In politics, triangulation is a strategy associated with U.S. President Bill Clinton in the 1990s. The politician presents a position as being above or between the left and right sides or wings of a democratic political spectrum. It involves adopting for oneself some of the ideas of one's political opponent. The logic behind it is that it both takes credit for the opponent's ideas, and insulates the triangulator from attacks on that particular issue.

== Origins ==

The use of the old term was first used by Clinton's chief political advisor Dick Morris as a way to describe his strategy for getting Clinton reelected in the 1996 U.S. presidential election. The opposition Republicans had scored a landslide to take control of Congress in the 1994 U.S. elections. Clinton needed to pass and take credit for legislation by winning over a coalition of moderate Republicans and Democrats, abandoning the progressive Democrats he had previously worked with. In Morris' words, triangulation meant "the president needed to take a position that not only blended the best of each party's views but also transcended them to constitute a third force in the debate." It is also sometimes referred to as "Clintonian triangulation". Morris advocated a set of policies that were different from the traditional policies of the Democratic Party. These policies included deregulation and balanced budgets. One of the most widely cited capstones of Clinton's triangulation strategy was when, in his 1996 State of the Union Address, Clinton declared that the "era of big government is over".

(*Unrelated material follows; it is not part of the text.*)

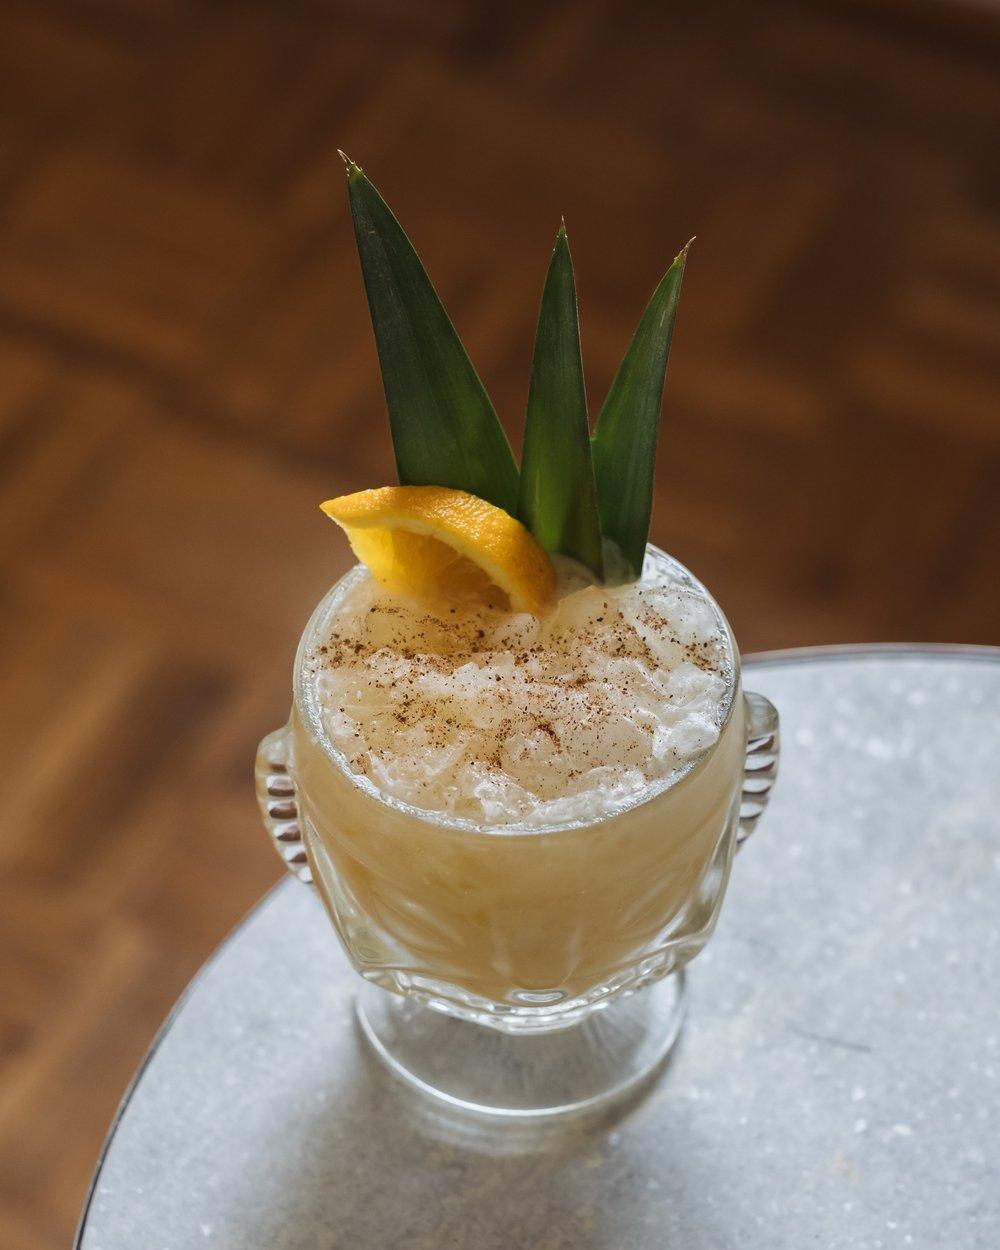 ingredients - 2–4 oz of Pusser's Navy Rum4 oz unsweetened pineapple juice1 oz freshly squeezed orange juice1 oz cream of coconut

Commentators sometimes speculated that Clinton's emphasis on entrepreneurship and the post-industrial sector was the co-option of conservative ideas first presented by Reagan Republicans in the 1980s. Brent Cebul argues that triangulation represented a traditional liberal effort to structure the economy with the goals of creating new jobs and at the same time producing fresh tax revenues that can support progressive policy innovations. Cebul argues that this tradition goes back to the local and state policies inspired by the New Deal, and the "supply-side liberalism" of the 1970s.

== Other use ==
Politicians who are said to have used triangulation include U.S. President Barack Obama, former U.S. Secretary of State Hillary Clinton, Tony Blair with "New Labour" in the United Kingdom, Jean Chrétien and Paul Martin with the Liberal Party of Canada, Fredrik Reinfeldt with "The New Moderates" in Sweden, Bob Hawke, Paul Keating, and Kevin Rudd of the Australian Labor Party, Nicola Sturgeon of the Scottish National Party, and Emmanuel Macron, who became elected as President of France on a centrist platform aiming to be "neither left nor right". During the 2010 State of the Union Address, President Obama insisted that he would remain with his center-left agenda in the face of criticism rather than resort to triangulation.

== See also ==
- Economic policy of the Bill Clinton administration
- Median voter theorem
- No One Left to Lie To: The Triangulations of William Jefferson Clinton
- Radical centrism
- Sister Souljah moment
- Third Way

== Bibliography ==
=== Books ===
- Halstead, Ted (2002). "The Radical Center: The Future of American Politics"
- Morris, Dick (1999). "Behind the Oval Office: Getting Reelected Against All Odds"
- "42: Inside the Presidency of Bill Clinton" (2016)
- Nesmith, Bruce F. (2016). "42: Inside the Presidency of Bill Clinton"
- Trende, Sean (2012). "The Lost Majority: Why the Future of Government Is Up for Grabs — and Who Will Take It"

=== Journal ===
- Cebul, Brent (2019). "Supply-Side Liberalism: Fiscal Crisis, Post-Industrial Policy, and the Rise of the New Democrats"

=== News and web ===
- Dyer, Neville (2022). "Who is Emmanuel Macron? Cracking the riddle of France's divisive president"
- Feldmann, Linda (2010). "How tax cut revolt helps Obama: It's a page from Clinton playbook"
- Frei, Matt (2010). "Matt Frei's diary: Groundhog Day"
- Goldberg, Jonah (2007). "Clintonian triangulation comes full circle"
- Sanger, David E. (2010). "Where Clinton Turned Right, Obama Plowed Ahead"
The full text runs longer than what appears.